| YOUR OBJECTIVE |
With the pictures removed, the data below must be transcribed in full and exactly.

| THE DATA |

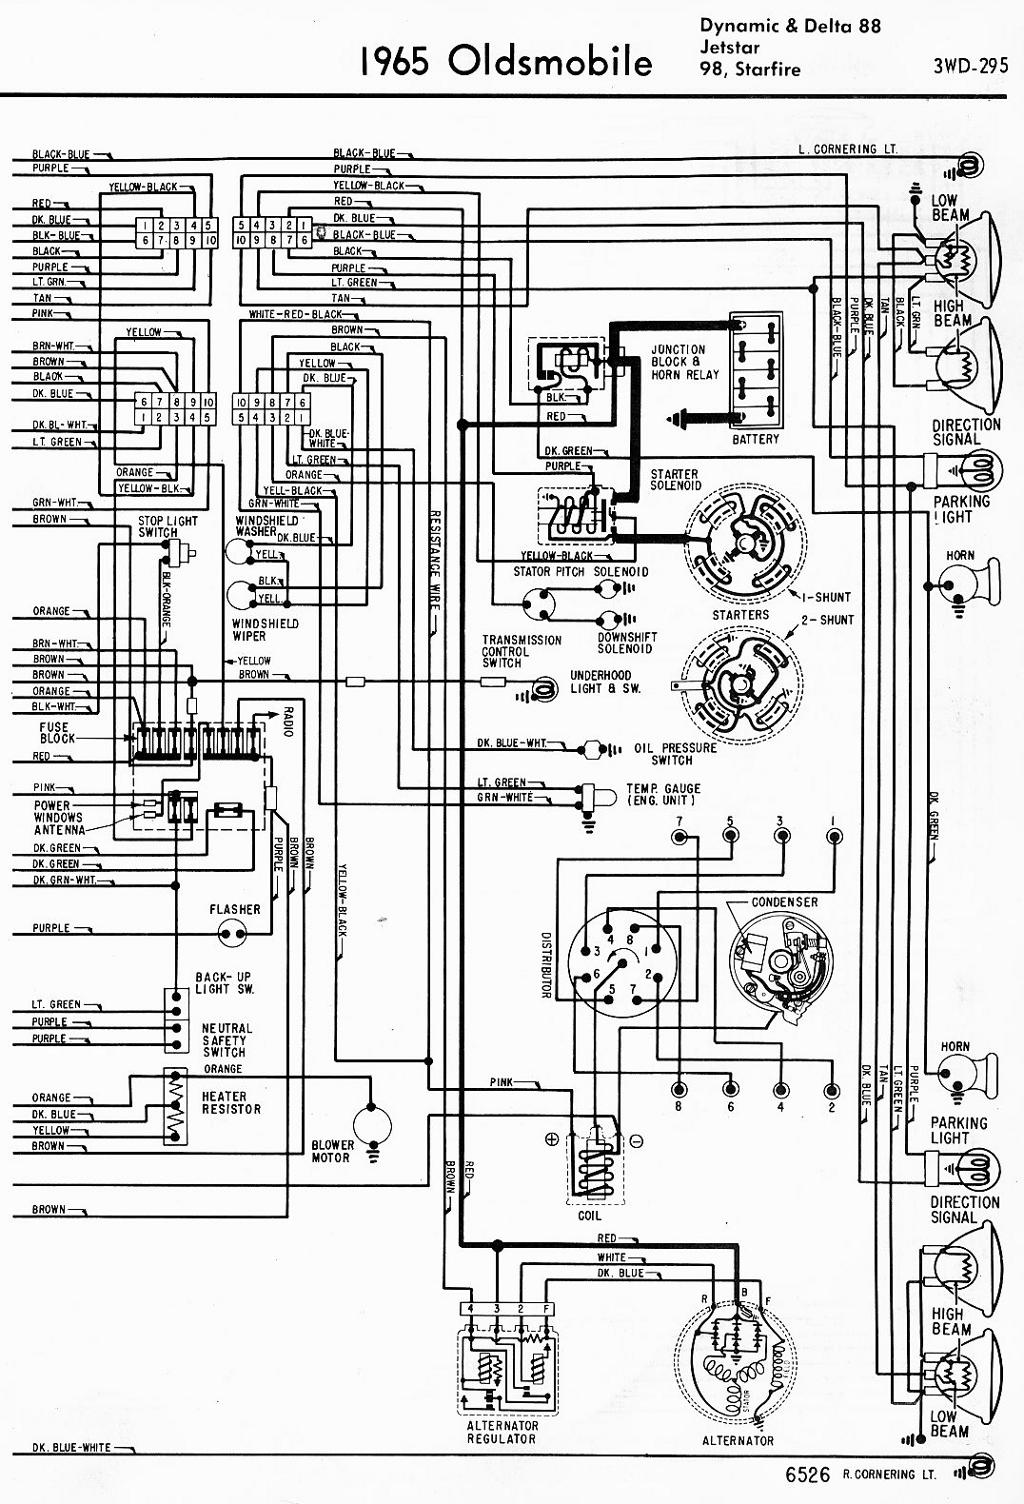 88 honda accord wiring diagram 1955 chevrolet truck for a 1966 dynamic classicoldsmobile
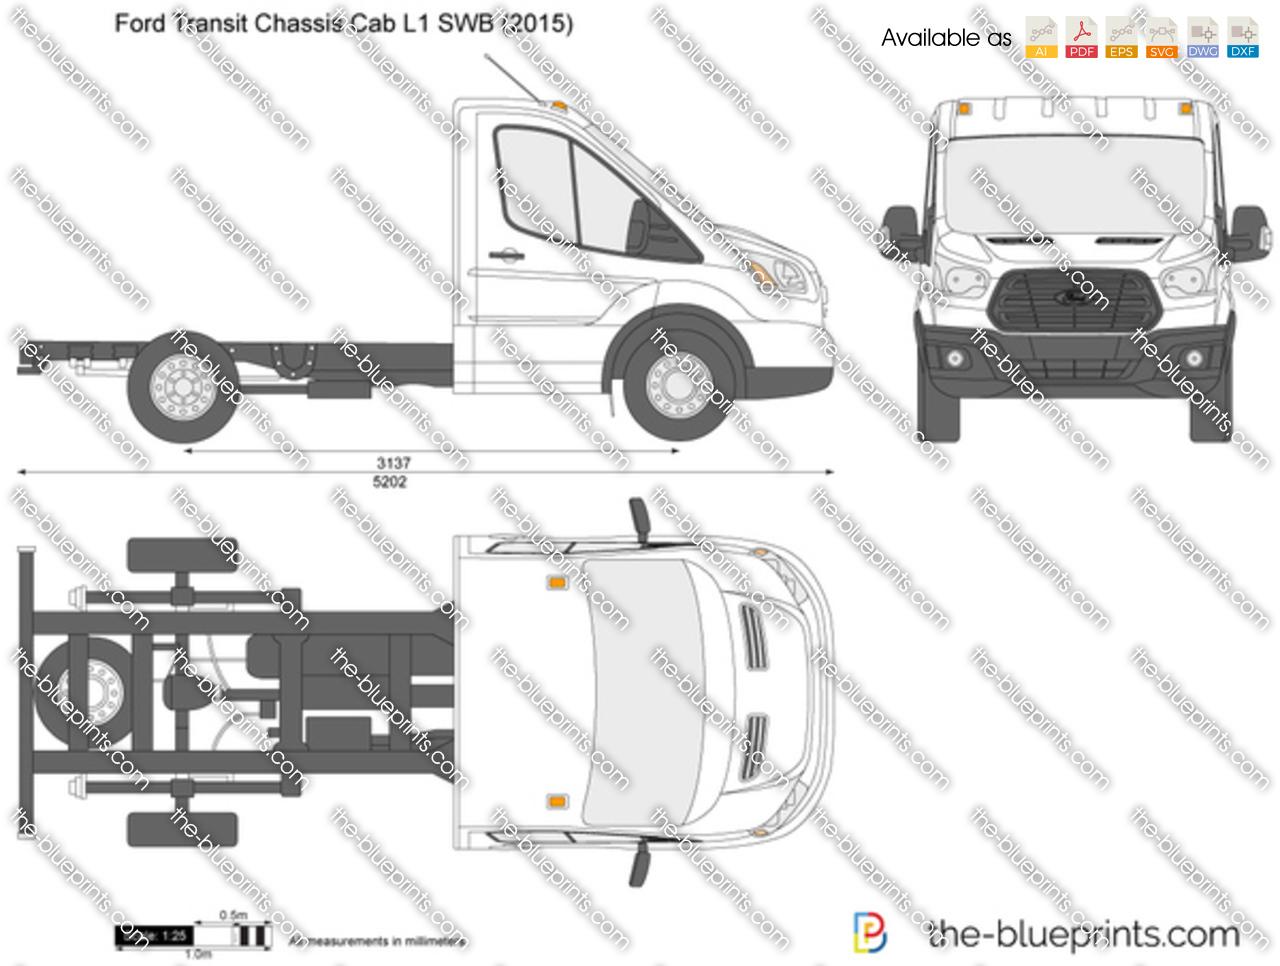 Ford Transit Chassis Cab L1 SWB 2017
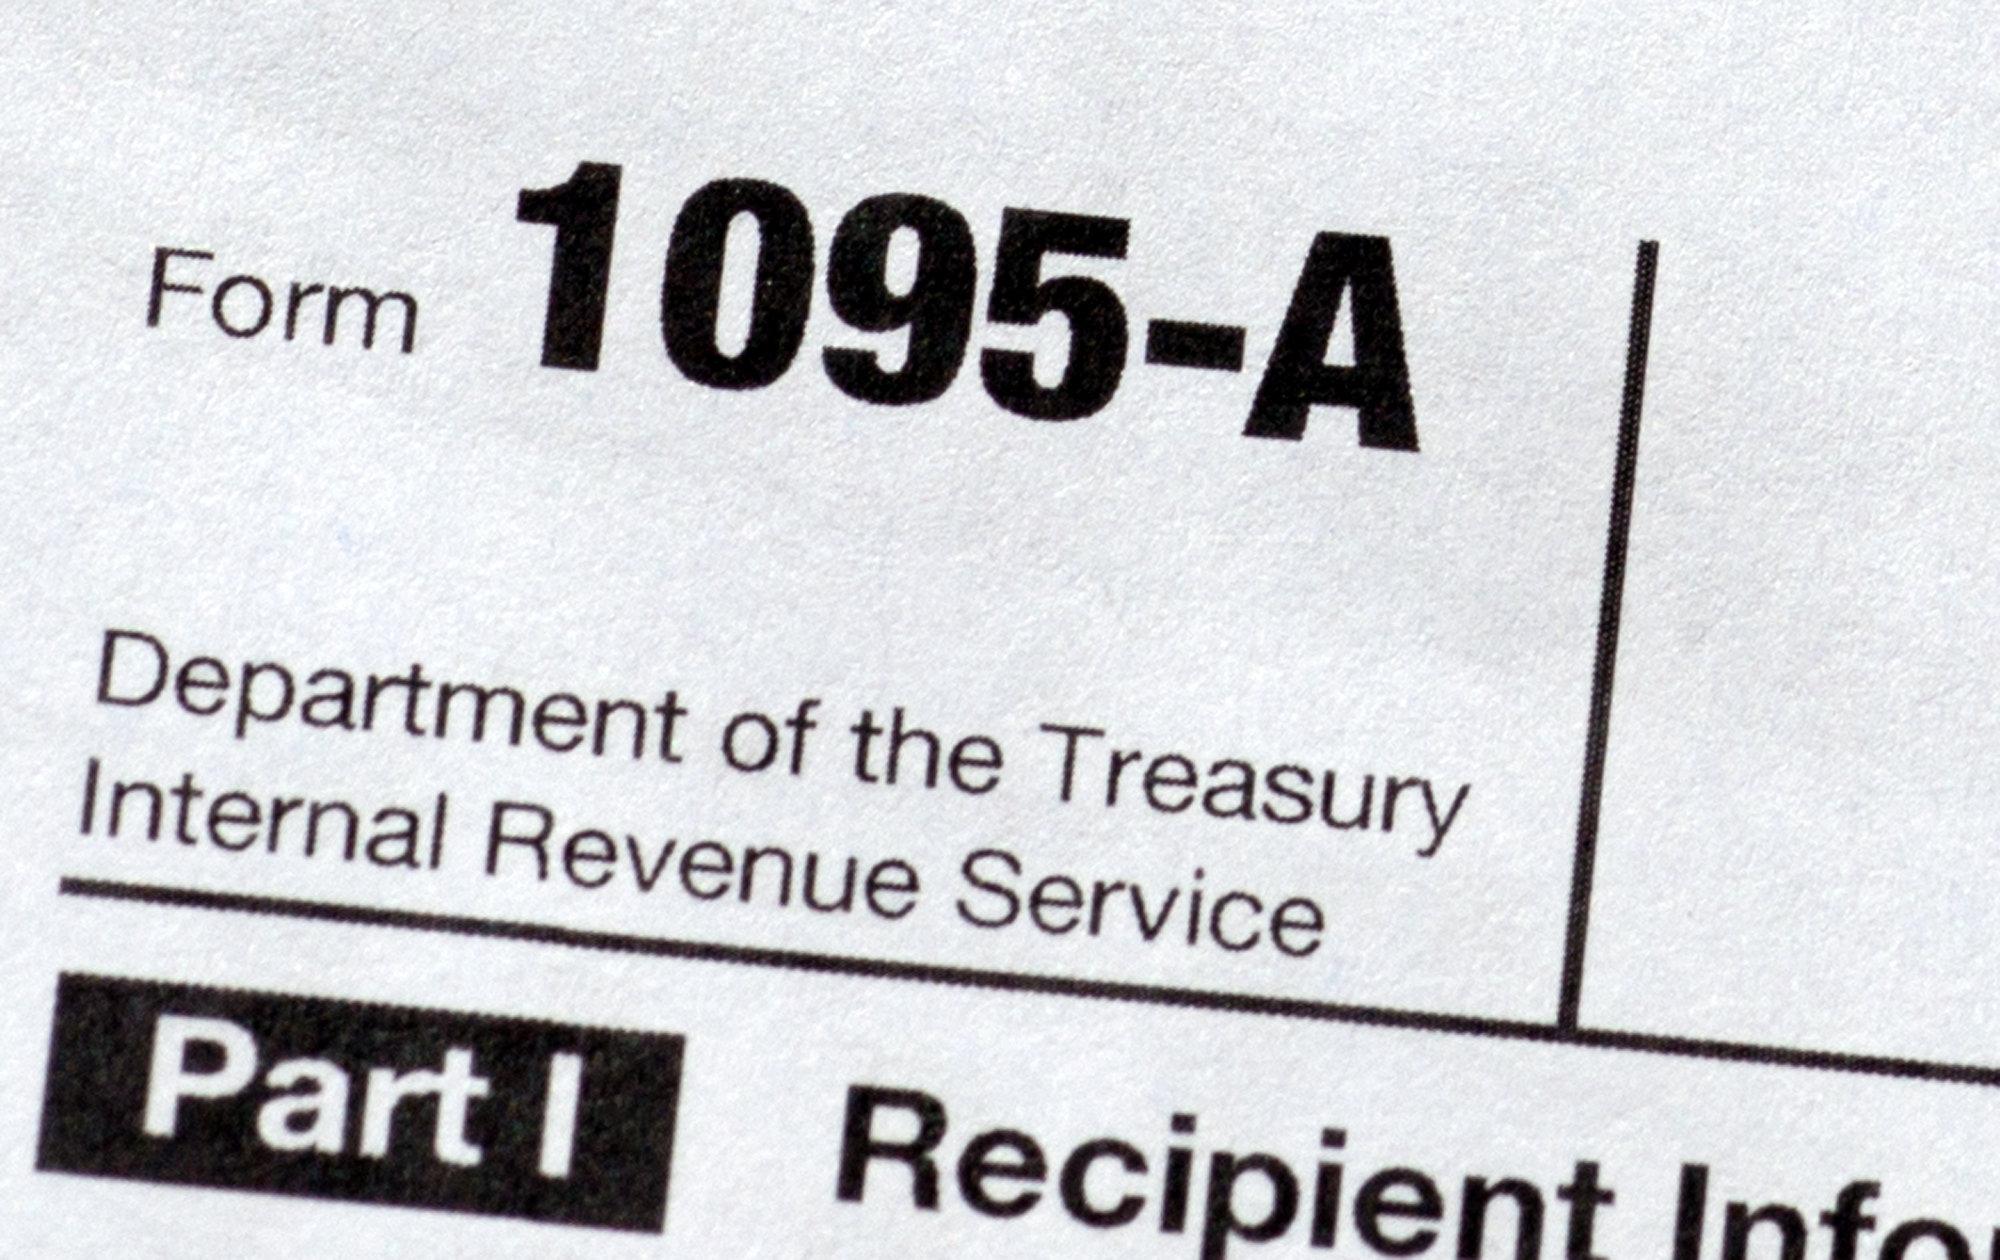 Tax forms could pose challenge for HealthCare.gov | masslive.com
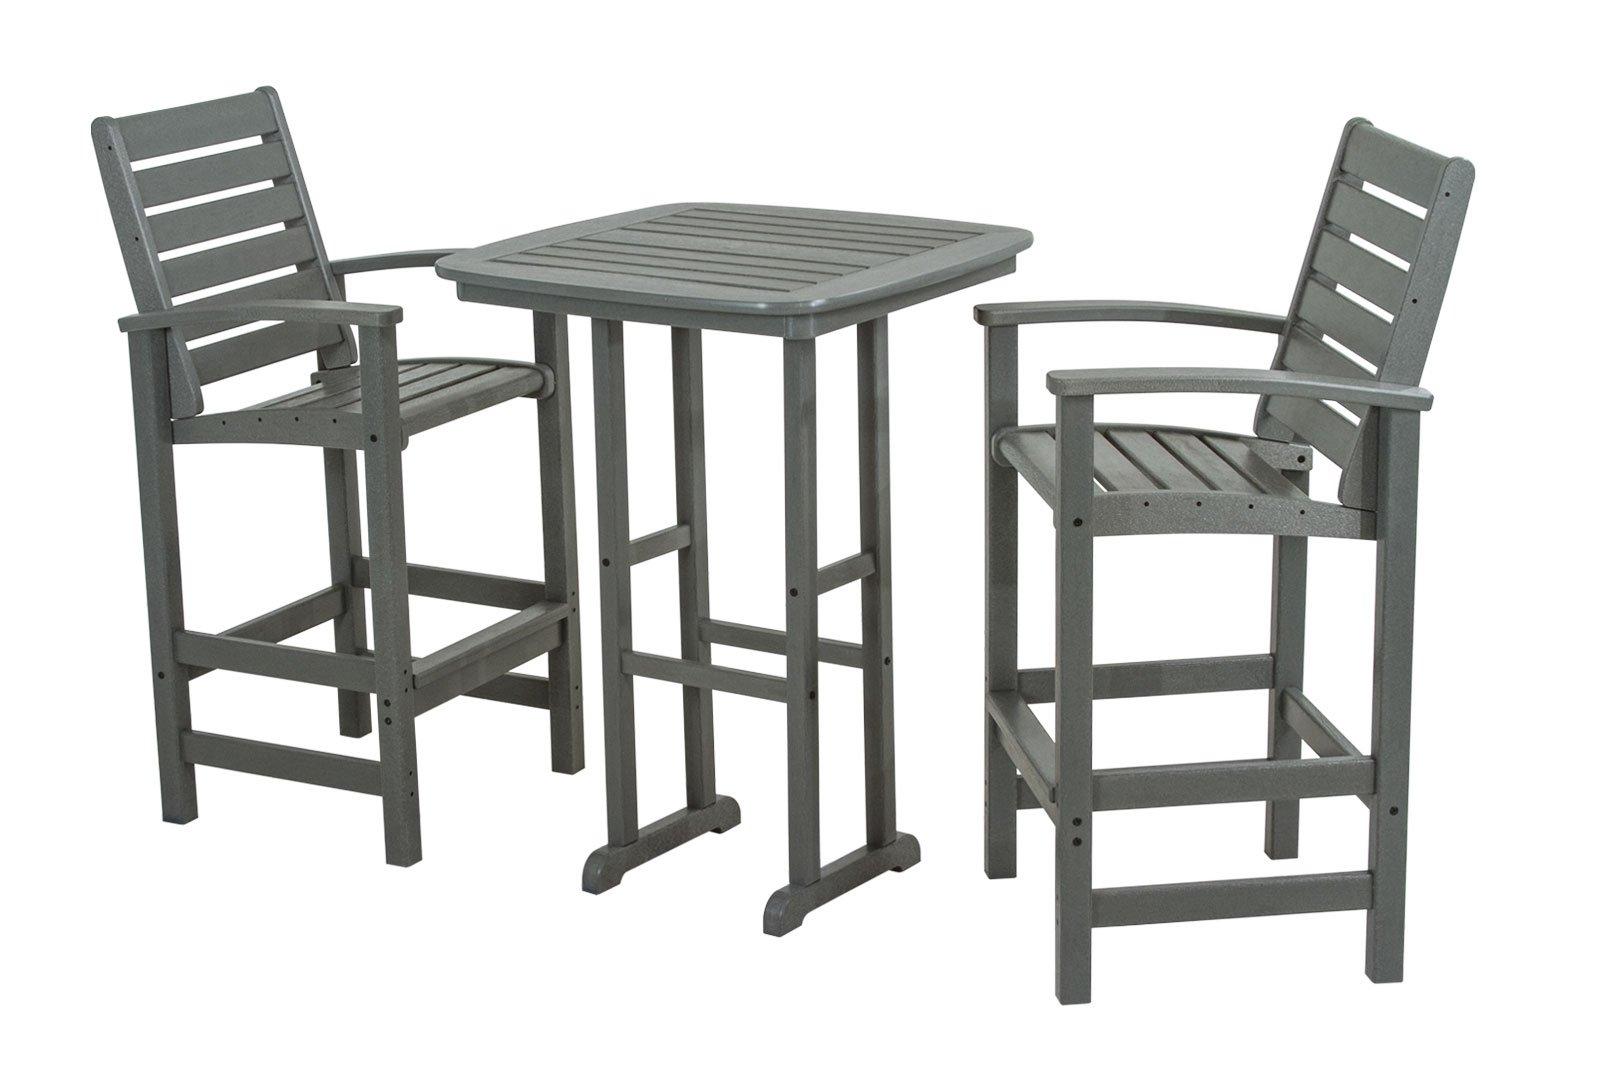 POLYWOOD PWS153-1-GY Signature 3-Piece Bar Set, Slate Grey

| RESULT OF THIS TASK |
 88 honda accord wiring diagram 1955 chevrolet truck for a 1966 dynamic classicoldsmobile
 Ford Transit Chassis Cab L1 SWB 2017
 Tax forms could pose challenge for HealthCare.gov | masslive.com
 POLYWOOD PWS153-1-GY Signature 3-Piece Bar Set, Slate Grey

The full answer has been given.